In the nineteenth century, sugar was a very important commodity. Its cultivation was the main driver behind the Atlantic slave trade, which transported slaves to plantations, mainly in the Caribbean and South America. The sugar plantations grew sugar cane, and processed this in sugarcane mills that produced raw sugar. The raw sugar still contained impurities that were extracted in the so-called refinery process. At the time that the predecessors of the Amsterdam Steam Sugar Refinery were founded, the Netherlands had a colony in Surinam, but sugar production in the Dutch East Indies had also become very important.

The traditional sugar refinery in Amsterdam was a building strongly influenced by the highly regulated size of house lots in the city. Many of these measured 9.5 by 47 m. In order to get an efficient ratio between the parts of the production process on such a plot, the standard refinery used four boiling pans and had 4 or 5 storeys. This limited processing capacity to about 600 tons of raw sugar a year. An innovation that could make these small refineries more efficient was the use of tubes that conducted steam to heat the pans. It meant that only one fire could heat all pans, and gave much more control over the process.

The invention of the vacuum pan by Edward Charles Howard changed the traditional sugar refinery process. It required high investments and a lot of space that the traditional refineries did not have. This and other developments led to a type of specialized building for sugar refineries. It had to be located near a clear river or a well with steam pump. It had to be spacious and fire resistant and to have enough room for storage. Above all, it was an almost absolute necessary to allow the sugar liquor so far as possible to descend by gravitation during the different processes, and so to avoid pumping. Therefore, refineries were 7-8 stories high. Raw sugar was inserted at the top, and the refined article was discharged at the bottom. This explains the exterior of the sugar refinery Java, that the Amsterdamsche Stoom Suikerraffinaderij built in 1846–1847.

== Predecessor companies ==

=== Firma M. Udink & Co. ===
Barend Udink (1710-1775) probably came from Enschede. By 1747 he was in a business partnership with a Mr. ten Broeke and was trading to the West Indies. Barend was succeeded by his son Marten (1748-1808), who married Lamberdina Kooij in 1774, and Cornelia Margaretha la Grand in 1778. Marten continued his father's business together with Ten Broeke, which was further specified in a 1785 contract. Marten Udink's name is known from several ship transactions. The partnership with Ten Broeke seems to have ended by 1797. Marten became prominent in Amsterdam. He was a representative for the city under the Batavian Republic (1795-1806), and in 1804 he was president of the Aalmoezeniers orphanage.

When Marten Udink died childless in 1808, he was succeeded by his nephew Joannes Kooij (1785-1870). Joannes was the son of Marten's brother in law Barend Kooij. It is supposed that Joannes already worked in the shipping company by about 1800. On 1 January 1808 a partnership with the name (firma) Marten Udink & Co. was formed. It included Marten Udink, his 23 year old nephew Joannes Kooij, and Hendrik Nijhoff, Marten's 47 year old bookkeeper. Marten brought in 80,000 guilders, and Joannes Kooij and Hendrik Nijhoff each 40,000, which they borrowed from Marten. It is supposed that Kooij and Nijhoff used the profits to gain complete ownership of the partnership, while retaining the name.
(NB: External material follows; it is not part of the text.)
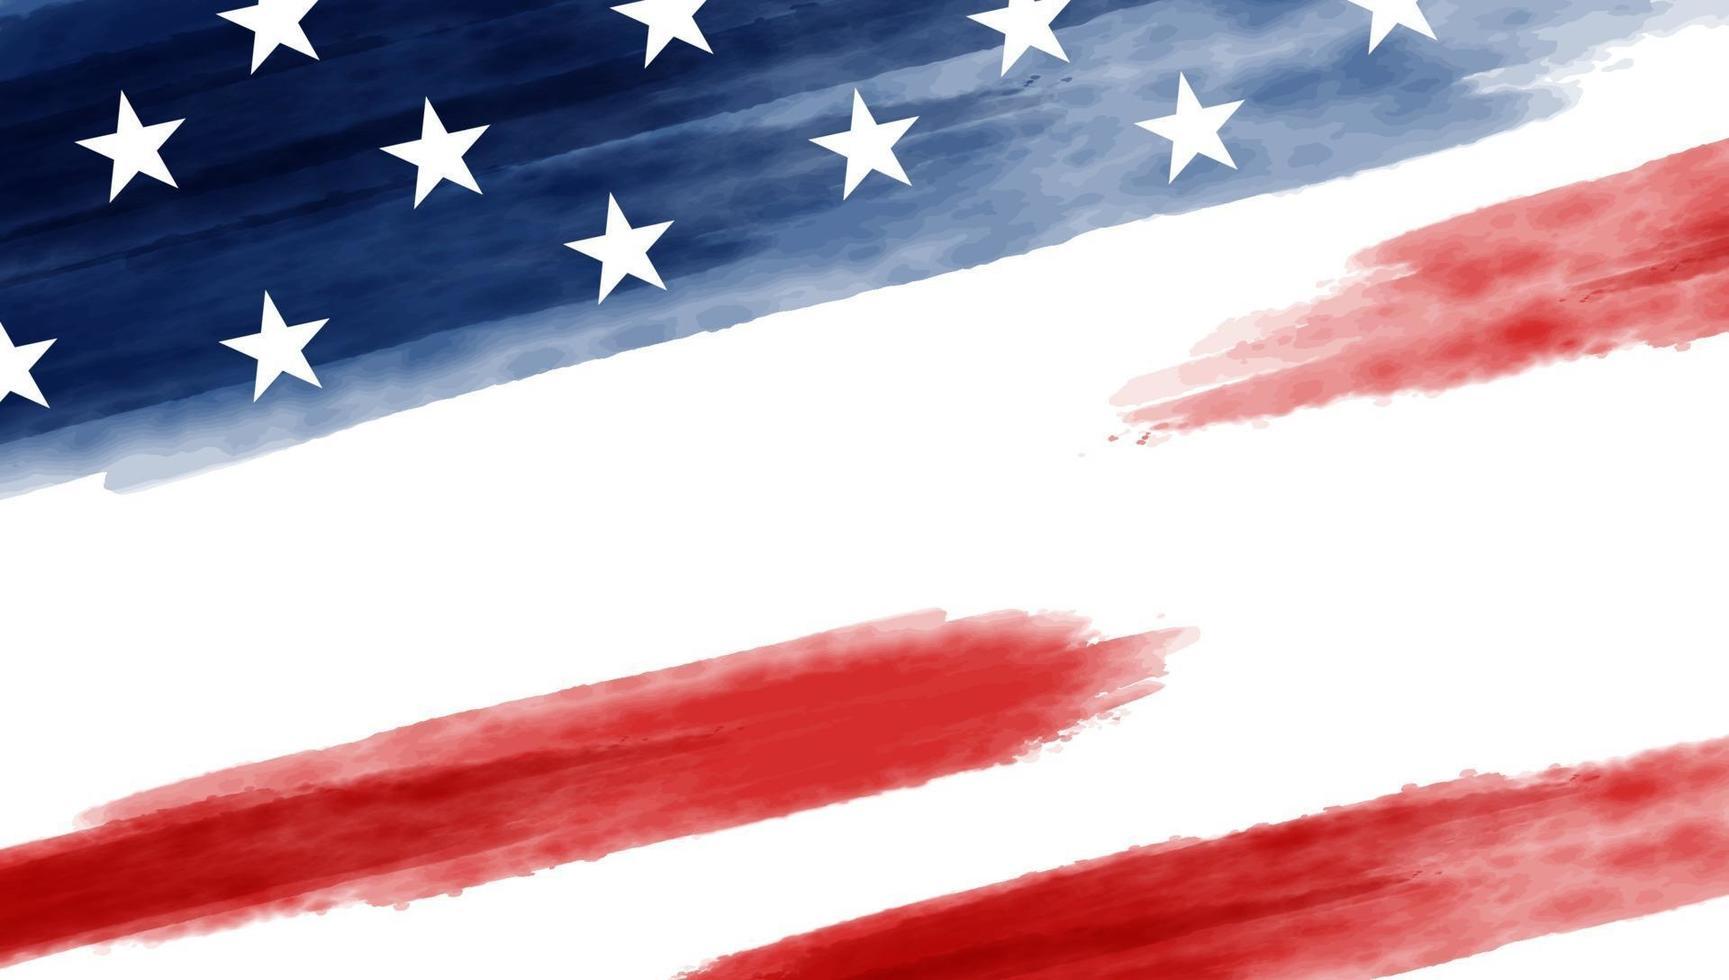 conception de fond de drapeau usa ou amérique d'aquarelle sur illustration vectorielle fond blanc vecteur
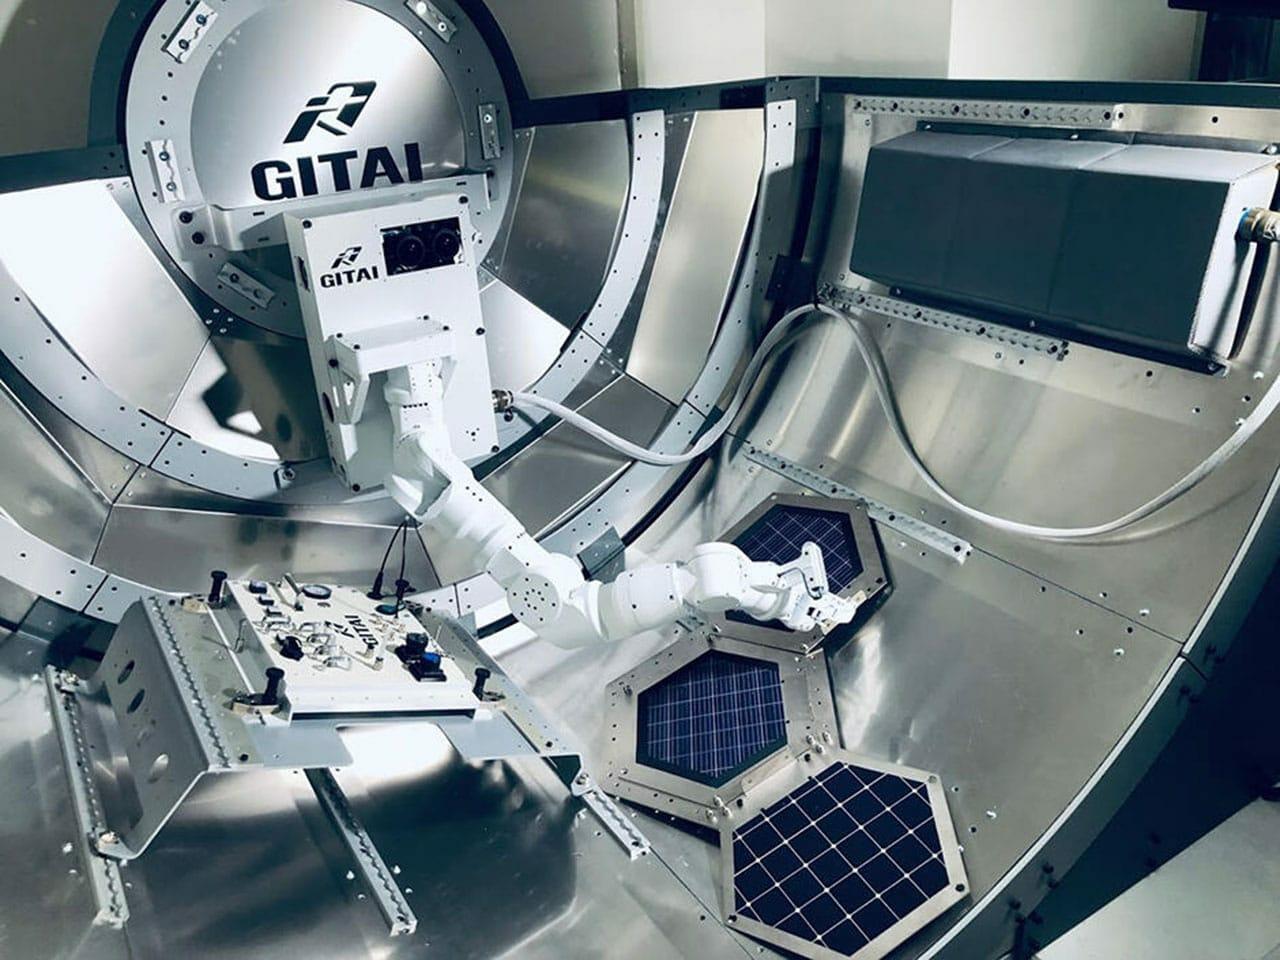 Demonstração tecnológica do robô GITAI no módulo ISS BISHOP Airlock (modelo), que foi construído no escritório da GITAI em Tóquio.

Traces of M. Udink & Co.'s activities are found in 1821, when the frigate Vrederijk sailed to Berbice and potential passengers could address themselves to M. Udink & Co. In 1828 and 1833 the coppered frigates Marco Bozzaris (1824) and Zeemanshoop (1826) were mentioned as managed by the firm. In 1834 Admiraal de Ruyter built at De Oranjeboom was mentioned as belonging to the firm.

The activities of M. Udink & Co. were not strictly limited to shipping. In 1824, it offered to sell a small part of a coffee plantation in Surinam. In 1829 M. Udink & Co. participated for 2,000 guilders in the foundation of the Nederlandsche Zee Assurantie Maatschappij. On 1 January 1834 Joannes Kooij became a managing director of the Netherlands Trading Society, which was a very profitable position.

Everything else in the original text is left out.